|Publication number||US5630437 A|
|Application number||US 08/664,795|
|Publication date||May 20, 1997|
|Filing date||Jun 17, 1996|
|Priority date||Apr 12, 1995|
|Also published as||CA2191341A1, EP0765133A1, EP0765133A4, WO1996032049A1|
|Publication number||08664795, 664795, US 5630437 A, US 5630437A, US-A-5630437, US5630437 A, US5630437A|
|Inventors||John E. Dries, James M. Edwards|
|Original Assignee||White Consolidated Industries, Inc.|
|Export Citation||BiBTeX, EndNote, RefMan|
|Patent Citations (12), Referenced by (27), Classifications (10), Legal Events (4)|
|External Links: USPTO, USPTO Assignment, Espacenet|
This is a continuation of application Ser. No. 08/420,674, filed Apr. 12, 1995, now abandoned.
1. Field of the Invention
This invention relates generally to the field of dishwashers and specifically to an improved diverter valve and pump inlet assembly therefor.
2. Description of the Related Art
Dishwashers, particularly those used in domestic applications, have a wash chamber conventionally provided with a sump at a lower part of the wash chamber. Wash liquid sprayed on dishes and other objects in the wash chamber flows downwardly into the sump where the liquid collects. Wash liquid in the sump is recycled to be sprayed on the dishes or directed toward a drain. In some installations, separate pumps (a recycling pump and a drain pump) are used to direct the liquid to the appropriate locations. In other installations, a single pump is be used in conjunction with a valve system to direct the liquid to either the drain or the washing chamber. An example of this is shown in U.S. Pat. No. 4,848,382 to Bertsch, incorporated herein by reference.

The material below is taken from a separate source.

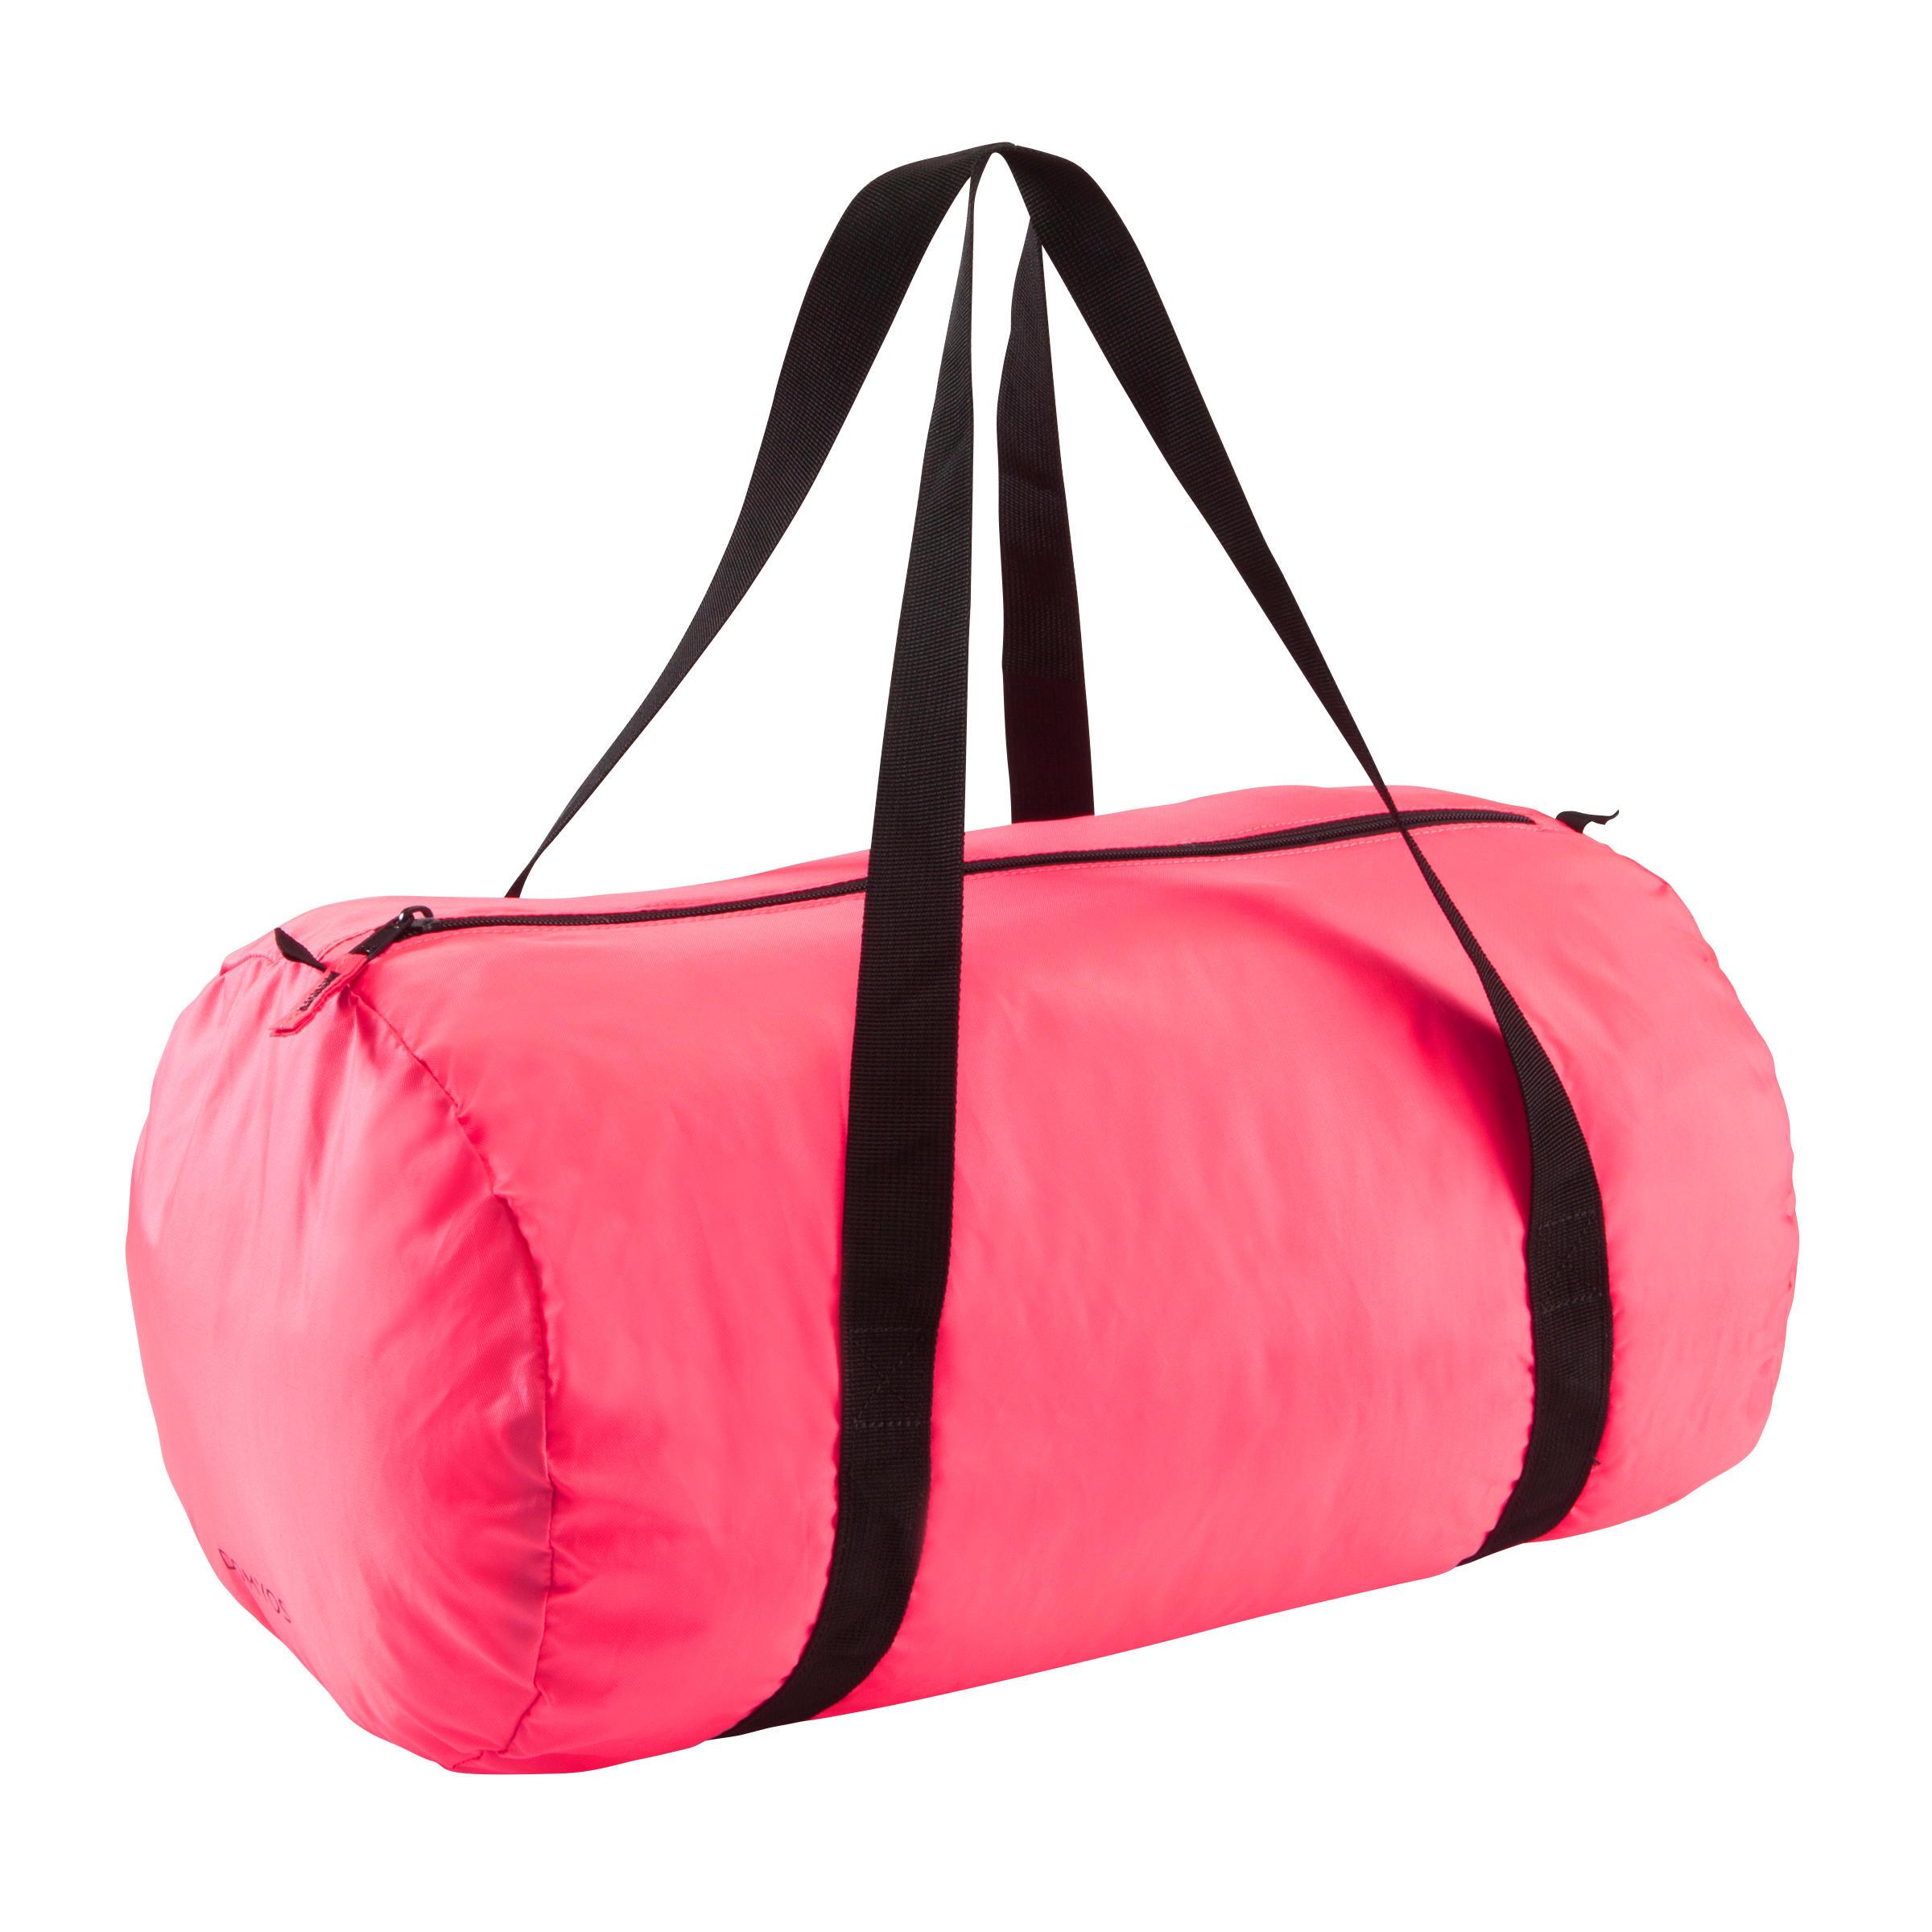 Geantă fitness 30 L roz

The pumps used in dishwashers have different inlet configurations. In some cases, the inlet has a downwardly facing mouth, as shown, for example, in U.S. Pat. Nos. 4,150,680, to Johnson, U.S. Pat. No. 4,741,357 to Battel, and U.S. Pat. No. 5,010,920 to Tolf.
The sump of the dishwasher can be divided into separate chambers by a filter. The pump inlet is located in one of these chambers. The pump can be used to drain both chambers. Nearly total evacuation of both chambers is desired.
A diverter valve, such as a solenoid operated flapper valve, can be used to direct the flow of liquid from the pump. It is important for the flapper to properly seal to prevent leakage of liquid into the wrong conduit. In some cases, the valve is spring biased toward a drain position, for example. Sealing of the flapper can be accomplished by pressure of the liquid flowing past the flapper. Water remaining in the pump and valve can prevent the valve from switching. Subsequent flow through an improperly switched valve can seal the flapper in the wrong position thereby causing improper flow of liquid through the valve.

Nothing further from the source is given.